Valmir quer sustar editais e adiar o Enem 2020 marcado pelo MEC em plena pandemia

Por Redação

14/05/2020 às 20:45

Atualizado em 14/05/2020 às 20:45

Foto: Agência Brasil

O deputado federal Valmir Assunção (PT-BA)

Os deputados federais Valmir Assunção (PT-BA) e João Daniel (PT-SE) querem sustar os editais com diretrizes e prazos do Exame Nacional do Ensino Médio (Enem) publicados pelo Instituto de Estudos e Pesquisas Educacionais Anísio Teixeira (Inep), vinculado ao Ministério da Educação (MEC). Por meio de um projeto de decreto legislativo, encaminhada nesta quinta-feira (14) ao Congresso Nacional, os membros da Esquerda Popular Socialista (EPS), tendência interna do PT, fundamentam o pedido dizendo que a desigualdade na educação será agravada caso as provas do exame aconteçam em plena pandemia do novo coronavírus.
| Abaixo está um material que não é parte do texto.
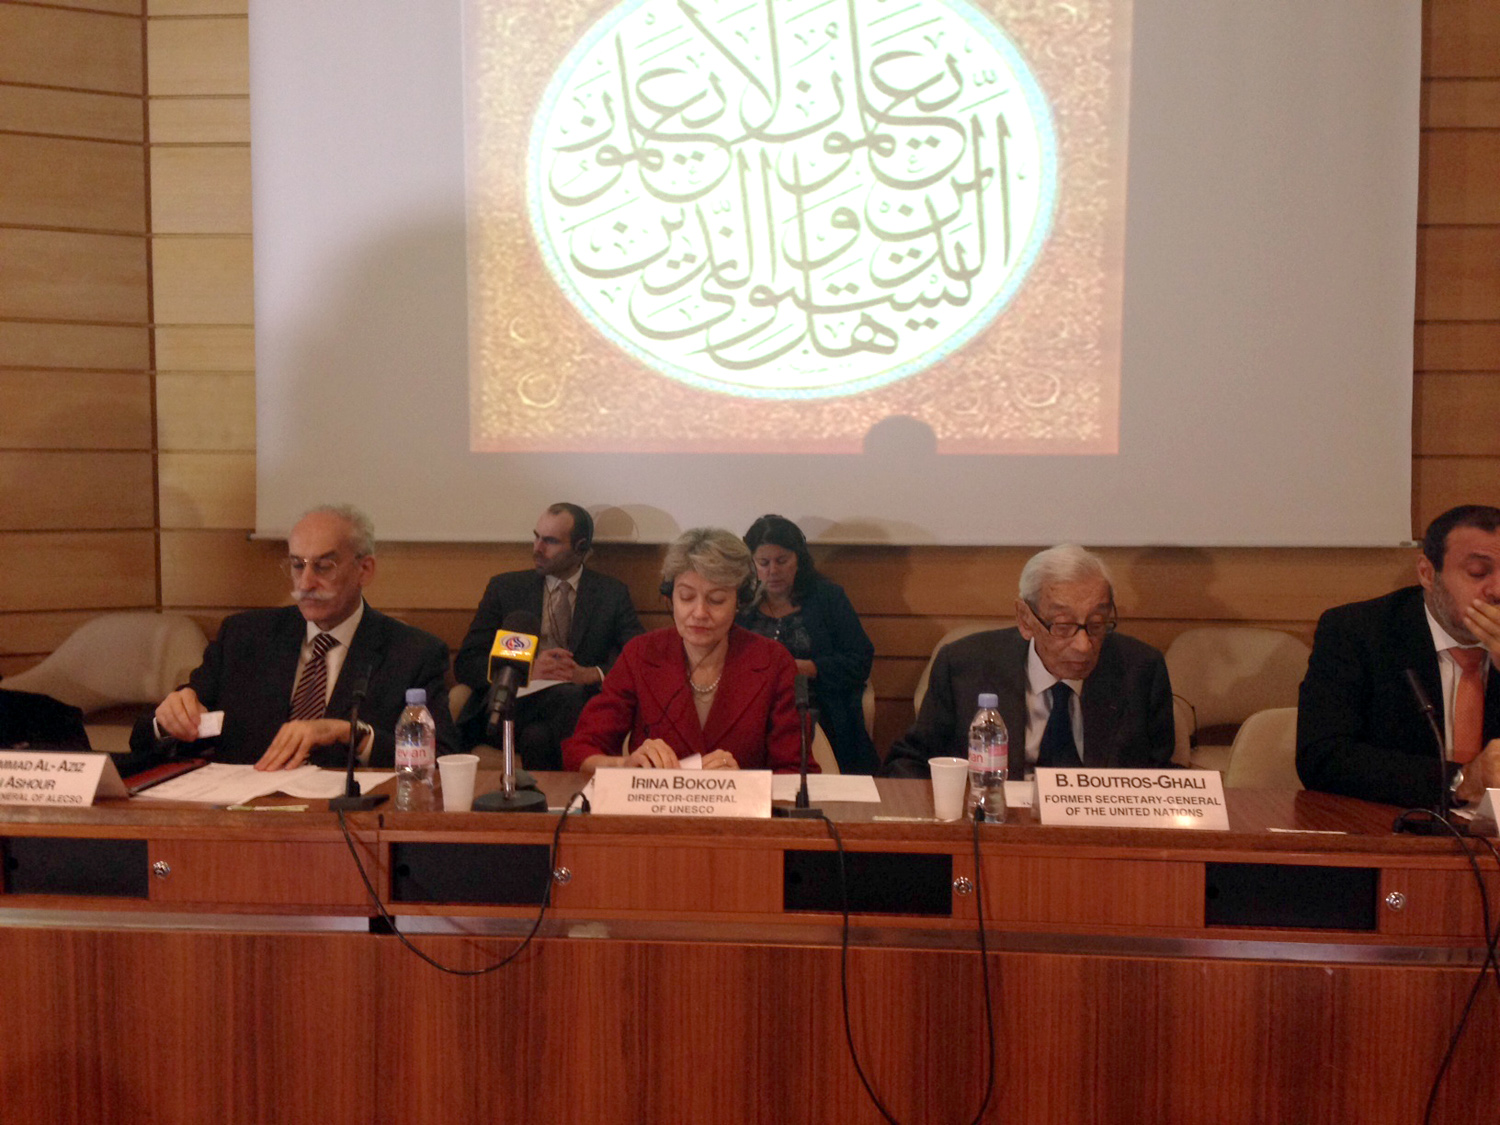 حفل الافتتاح الذي اقامته منظمة اليونسكو في باريس بمناسبة اليوم العالمي للغة العربية

“O governo parece estar desconectado da realidade e não leva em conta que a pandemia pela qual estamos passando levou à suspensão das aulas e, infelizmente, nem todos têm condições de estudar em casa. Hoje, 40% dos alunos não possuem espaço adequado para estudo domiciliar e 70% dos lares de classes D e E estão afastados do mundo virtual. Realizar esta prova, que define o futuro de tantos jovens, nesse contexto, é reforçar a desigualdade do sistema de ensino brasileiro”, salientam os parlamentares em justificativa do projeto de decreto legislativo. Ambos continuam, e apontam que a realização do Enem precisa ter uma estrutura que não permita falhas.

“Consideradas as circunstâncias, a elaboração da prova coloca em risco a vida de inúmeros servidores da educação envolvidos na sua preparação. É inaceitável colocar os estudantes para realizar o exame em condição de desigualdade. Não se constrói um futuro tratando desigual os iguais”, descreve Valmir. O sergipano João Daniel completa dizendo que “manter a data de realização do Enem, nestas condições, nada mais é que retirar a possibilidade daqueles que não têm condições em ter uma internet adequada para estudar, se preparar melhor, sem aulas presenciais, como critério para seleção, pois é isso que o Ministério da Educação, de forma desrespeitosa, colocou em sua propaganda”.